## Task brief
Once "Formal Sources of Credit vs" turns up in a line below, reproduce that line and those after it exactly, stopping after the line with "Acne 101 infographic"; leave pictures out.
(Working data)
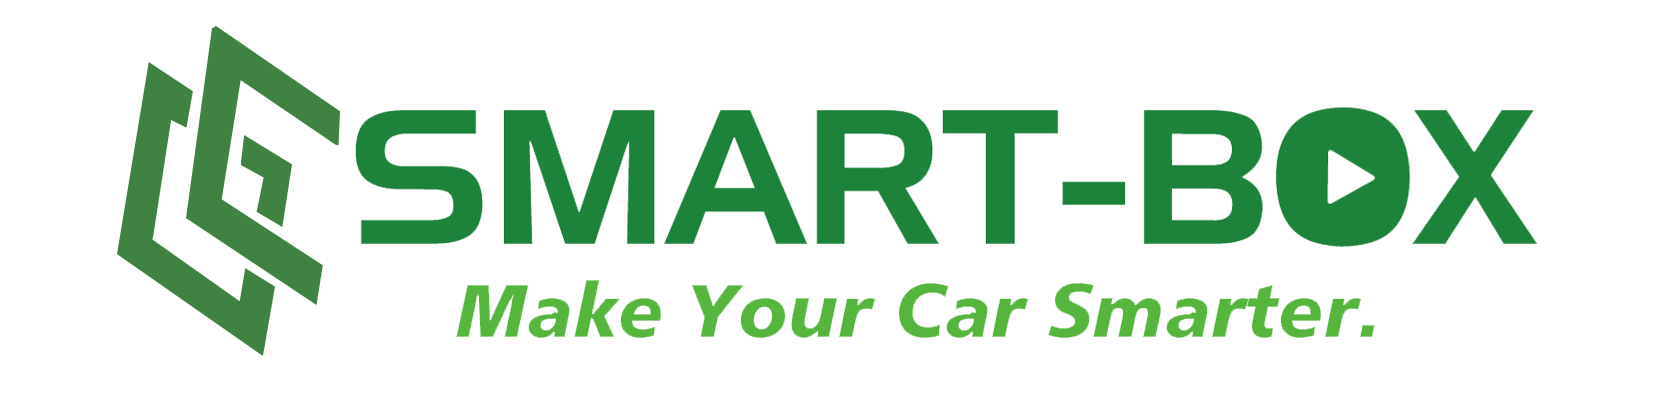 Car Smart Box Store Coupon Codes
(End Working data)
(Working data)
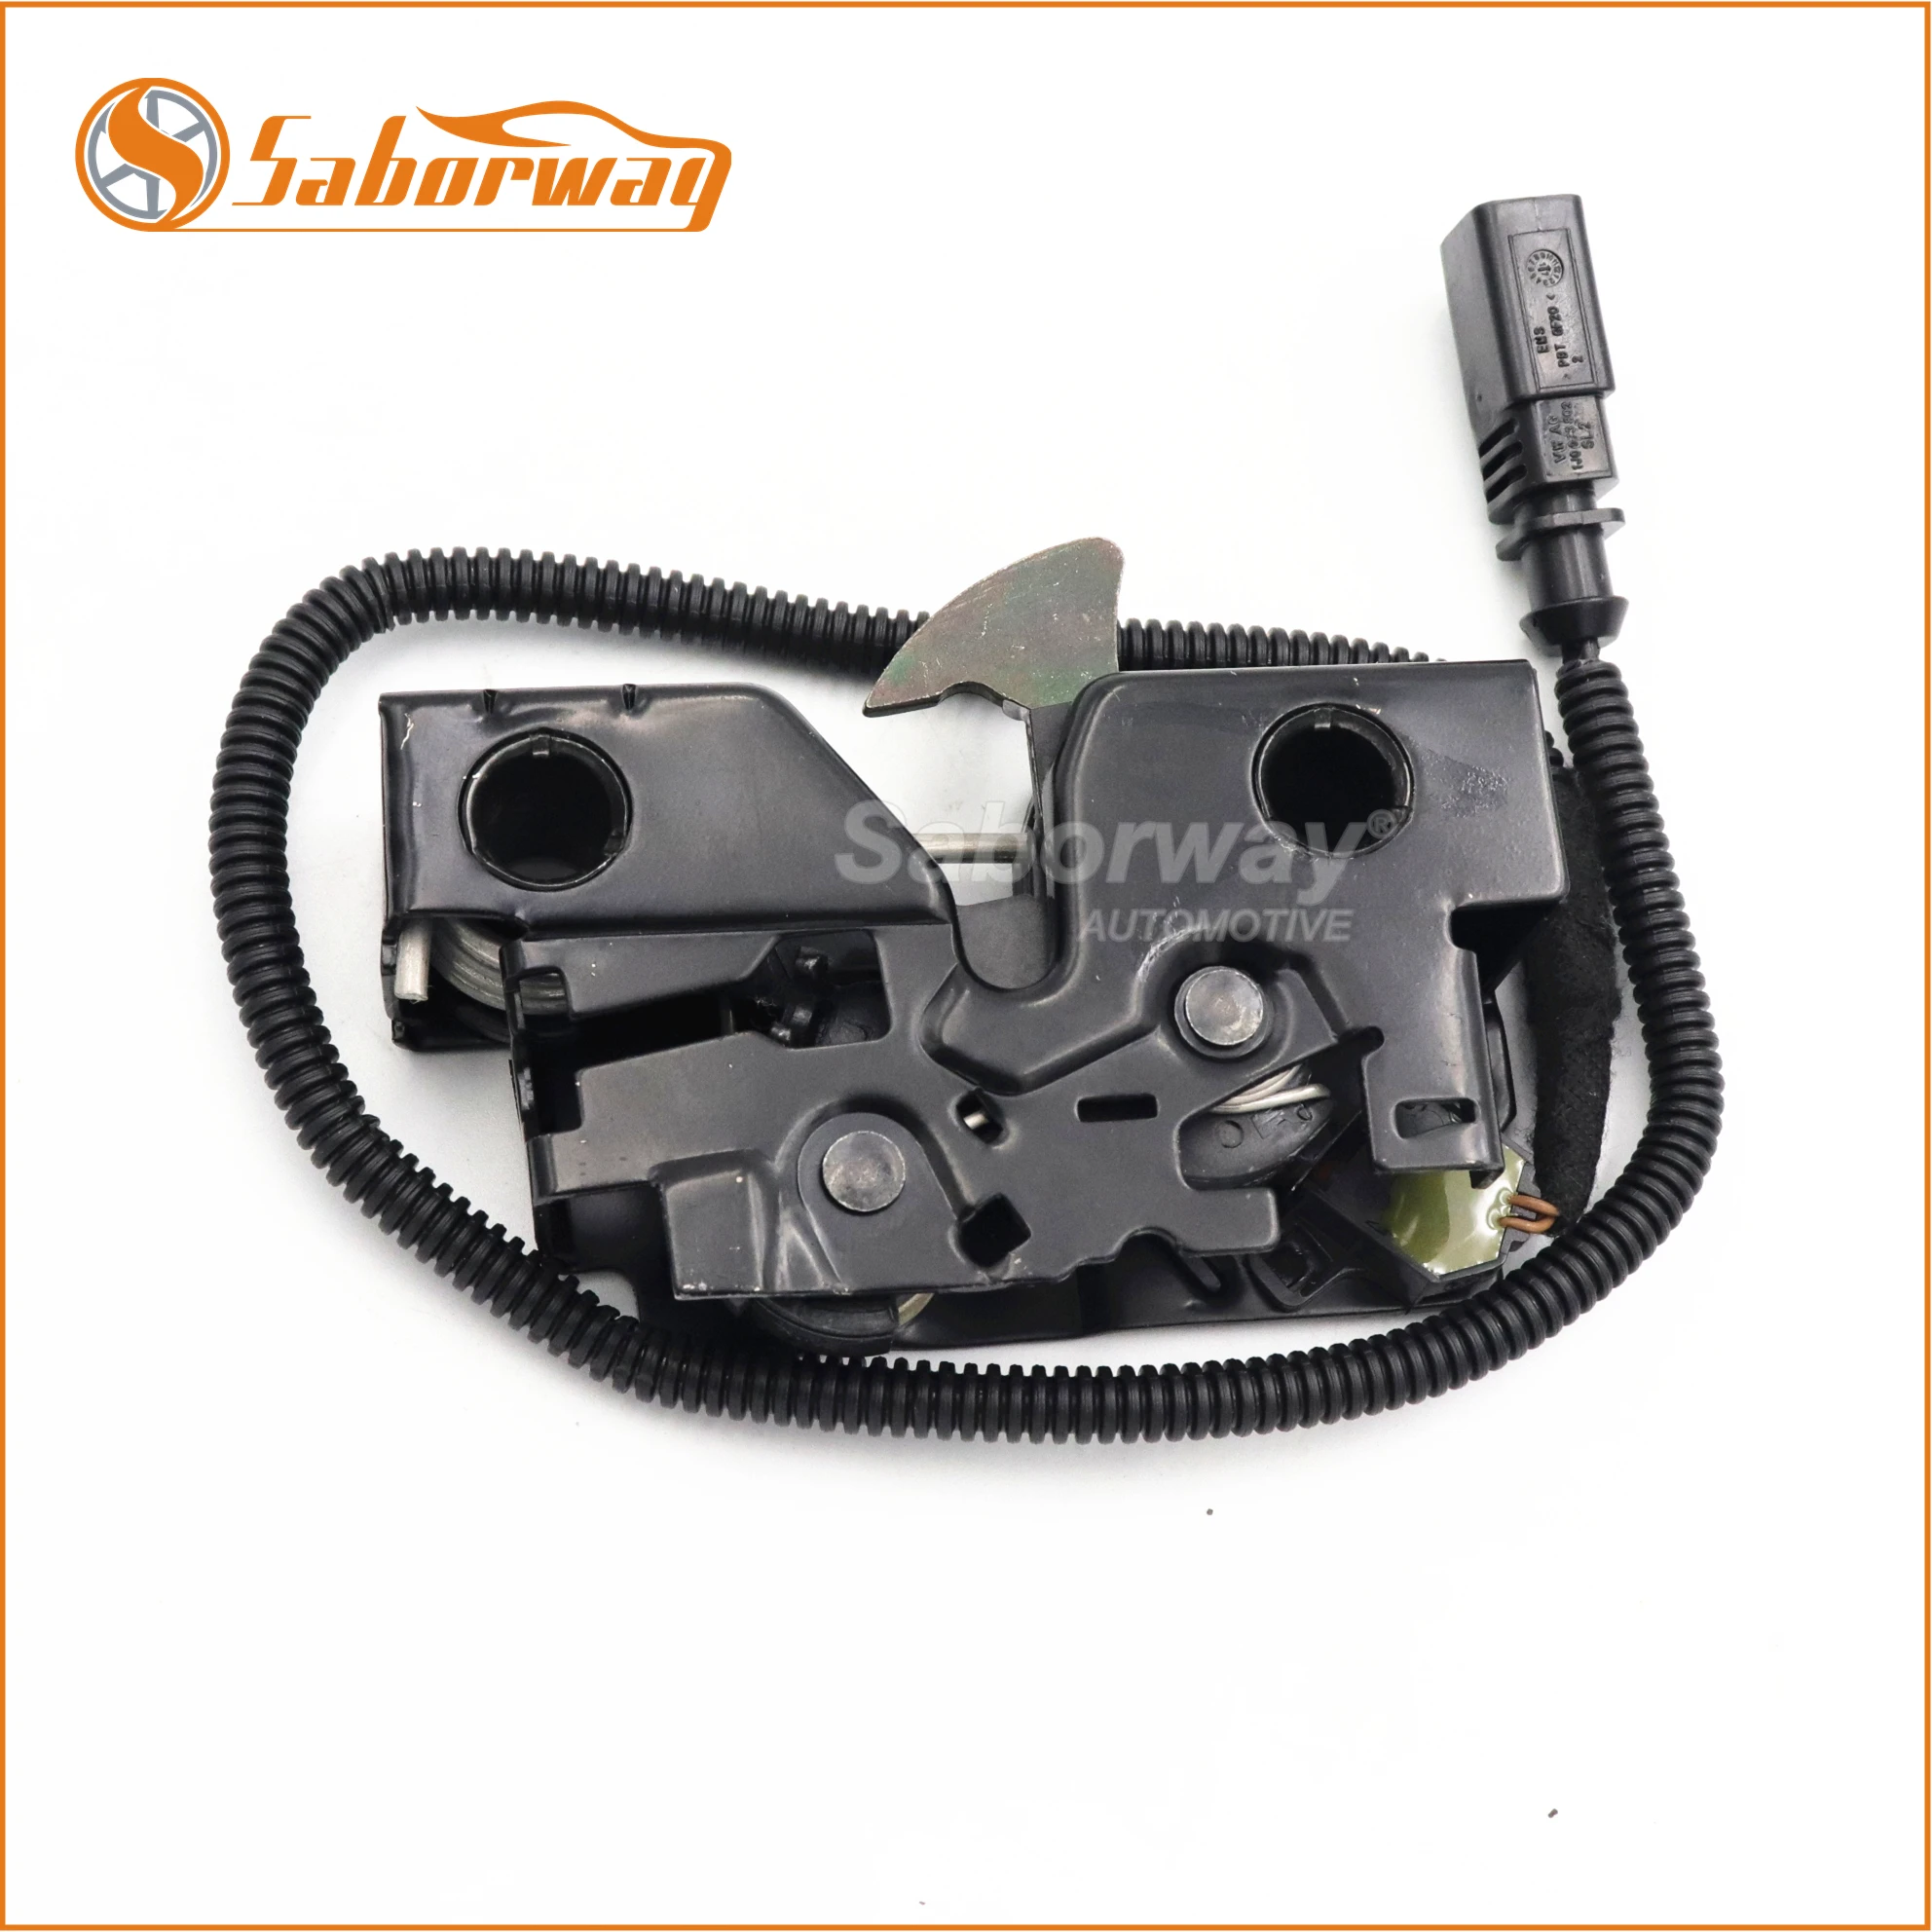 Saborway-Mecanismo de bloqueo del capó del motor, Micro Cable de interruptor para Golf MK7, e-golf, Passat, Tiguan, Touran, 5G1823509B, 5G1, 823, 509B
(End Working data)
(Working data)
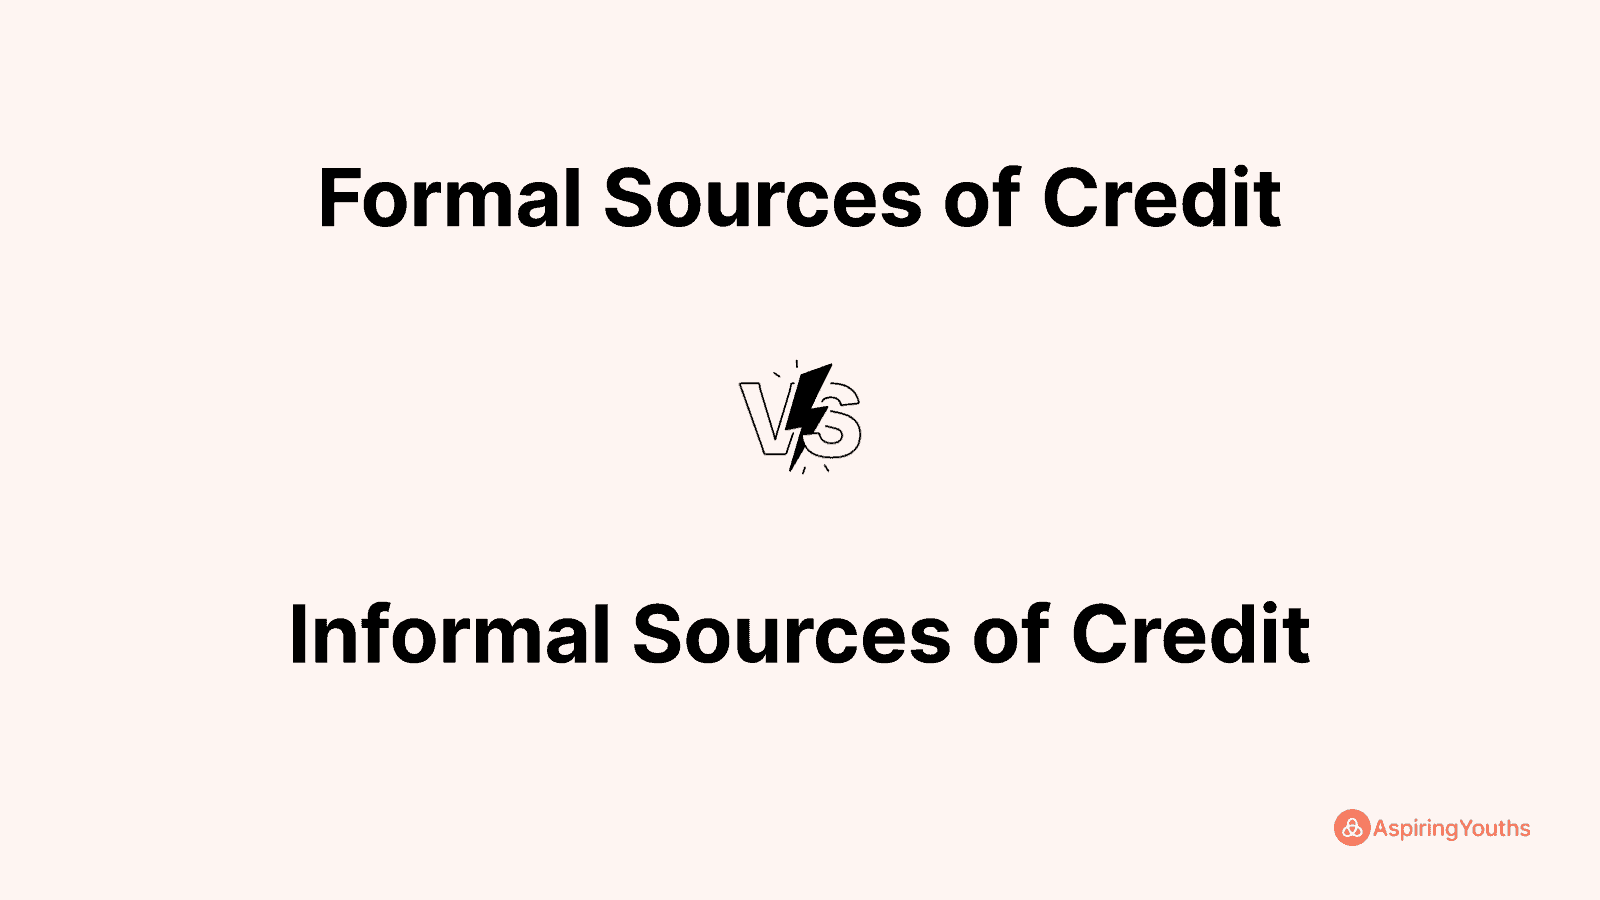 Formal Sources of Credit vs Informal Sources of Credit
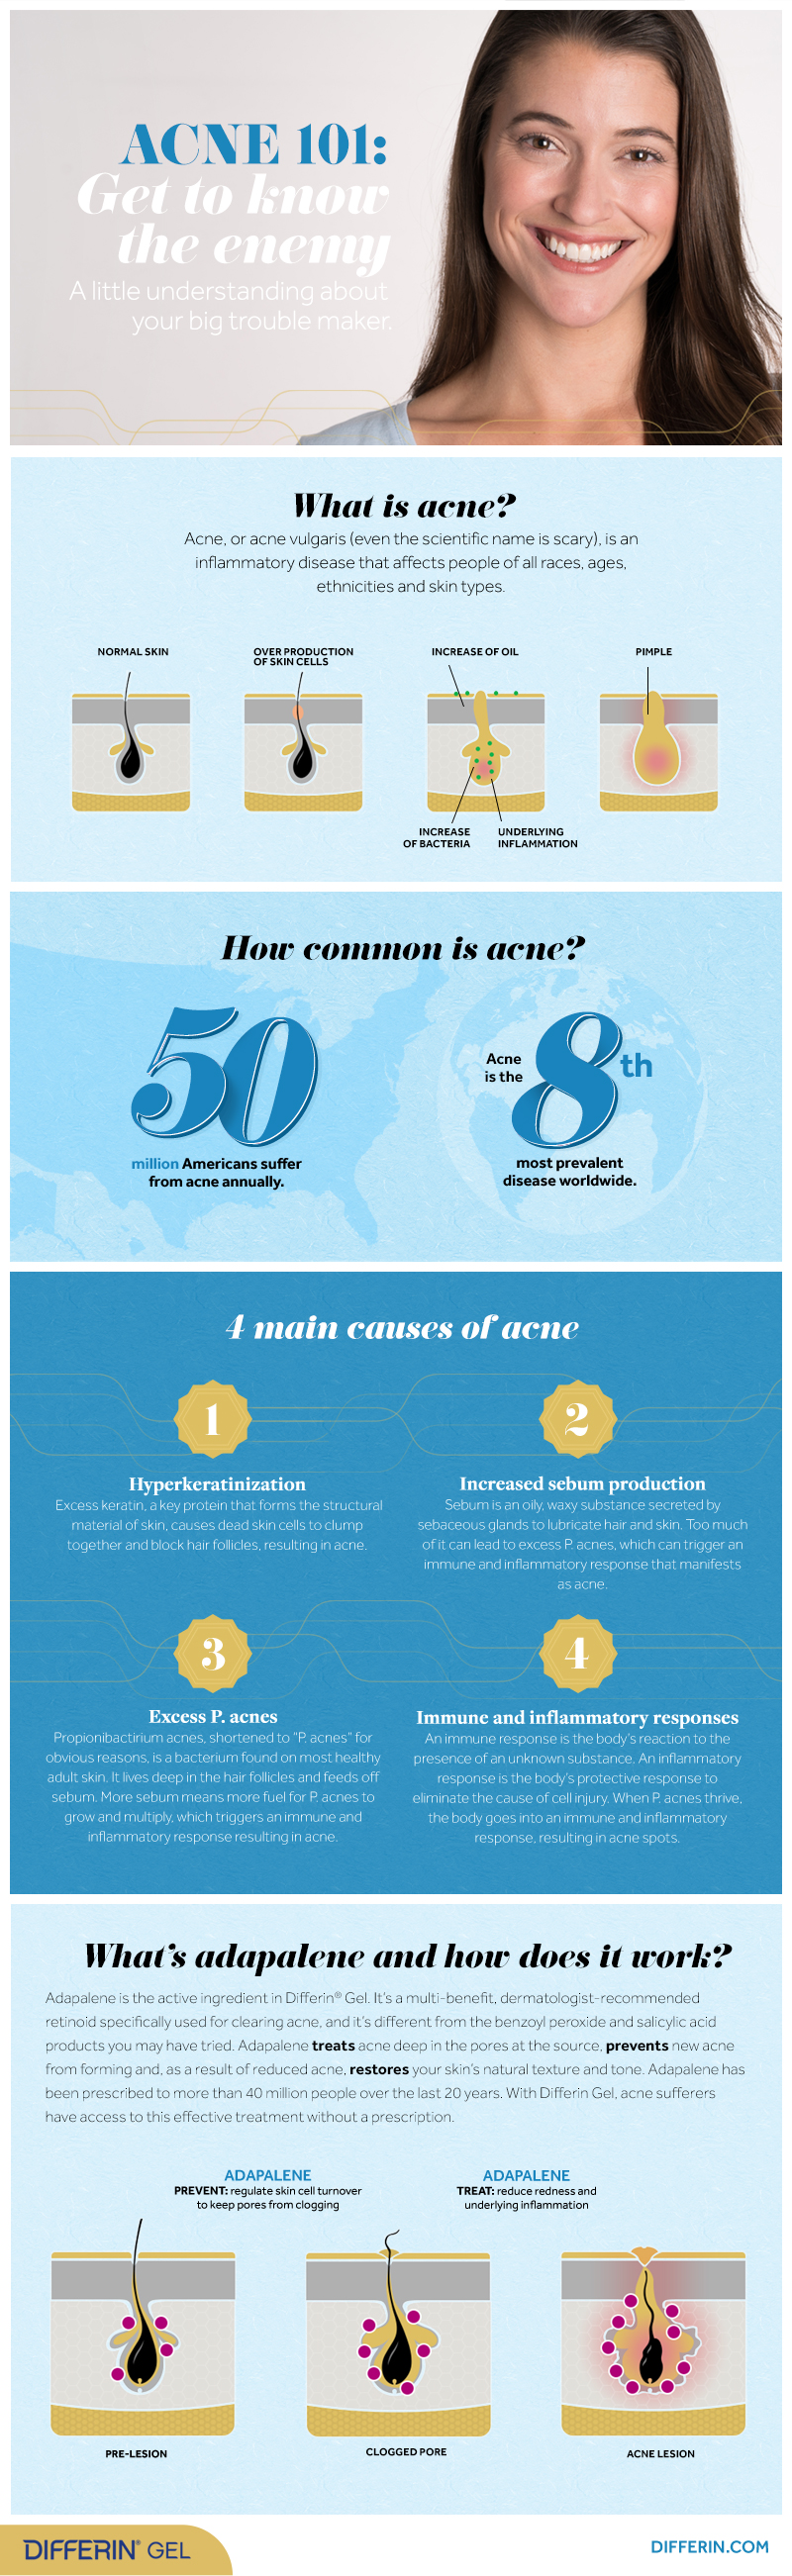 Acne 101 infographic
(End Working data)
## Expected answer
 Formal Sources of Credit vs Informal Sources of Credit
 Acne 101 infographic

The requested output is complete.